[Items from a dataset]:

Start of Block

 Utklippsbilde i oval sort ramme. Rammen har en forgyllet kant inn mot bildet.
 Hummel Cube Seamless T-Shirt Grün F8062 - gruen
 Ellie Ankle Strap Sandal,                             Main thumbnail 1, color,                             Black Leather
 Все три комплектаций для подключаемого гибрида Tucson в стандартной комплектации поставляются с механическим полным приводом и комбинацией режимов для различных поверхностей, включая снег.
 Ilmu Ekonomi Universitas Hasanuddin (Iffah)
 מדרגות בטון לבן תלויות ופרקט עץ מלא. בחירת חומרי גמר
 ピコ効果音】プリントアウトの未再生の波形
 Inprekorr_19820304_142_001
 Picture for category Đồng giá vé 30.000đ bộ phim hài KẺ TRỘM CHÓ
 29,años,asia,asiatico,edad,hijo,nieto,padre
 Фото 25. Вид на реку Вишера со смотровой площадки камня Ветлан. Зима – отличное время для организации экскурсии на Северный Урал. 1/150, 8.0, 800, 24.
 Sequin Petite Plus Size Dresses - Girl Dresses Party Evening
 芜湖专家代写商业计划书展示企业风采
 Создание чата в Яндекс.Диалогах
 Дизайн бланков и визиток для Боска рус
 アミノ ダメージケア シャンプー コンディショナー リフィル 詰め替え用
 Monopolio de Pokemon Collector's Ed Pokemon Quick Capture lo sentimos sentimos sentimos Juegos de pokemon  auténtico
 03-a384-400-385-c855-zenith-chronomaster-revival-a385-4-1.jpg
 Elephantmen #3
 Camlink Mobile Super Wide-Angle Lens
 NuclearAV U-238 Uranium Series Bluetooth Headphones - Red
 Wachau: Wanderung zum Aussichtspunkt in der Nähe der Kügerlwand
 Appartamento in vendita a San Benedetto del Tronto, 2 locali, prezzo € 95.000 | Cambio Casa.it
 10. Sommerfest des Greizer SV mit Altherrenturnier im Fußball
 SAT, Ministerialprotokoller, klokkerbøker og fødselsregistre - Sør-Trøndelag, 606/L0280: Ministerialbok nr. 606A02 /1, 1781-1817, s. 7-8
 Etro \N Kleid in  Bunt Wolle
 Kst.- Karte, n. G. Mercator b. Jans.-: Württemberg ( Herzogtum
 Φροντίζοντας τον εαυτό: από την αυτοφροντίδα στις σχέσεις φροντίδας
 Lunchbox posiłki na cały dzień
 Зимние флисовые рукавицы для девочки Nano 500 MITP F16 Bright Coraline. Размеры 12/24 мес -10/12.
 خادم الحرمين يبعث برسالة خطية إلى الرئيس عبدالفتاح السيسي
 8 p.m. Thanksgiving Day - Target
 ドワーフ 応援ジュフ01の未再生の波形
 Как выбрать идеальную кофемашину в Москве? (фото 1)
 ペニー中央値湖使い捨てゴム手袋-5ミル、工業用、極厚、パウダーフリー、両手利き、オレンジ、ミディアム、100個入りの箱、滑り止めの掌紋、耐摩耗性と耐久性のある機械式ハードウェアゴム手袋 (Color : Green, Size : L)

End of Block

[Instructions for the task]:
Go through the records above, find each line with the string "Size", and copy it.

[Finished exercise]:
 Sequin Petite Plus Size Dresses - Girl Dresses Party Evening
 ペニー中央値湖使い捨てゴム手袋-5ミル、工業用、極厚、パウダーフリー、両手利き、オレンジ、ミディアム、100個入りの箱、滑り止めの掌紋、耐摩耗性と耐久性のある機械式ハードウェアゴム手袋 (Color : Green, Size : L)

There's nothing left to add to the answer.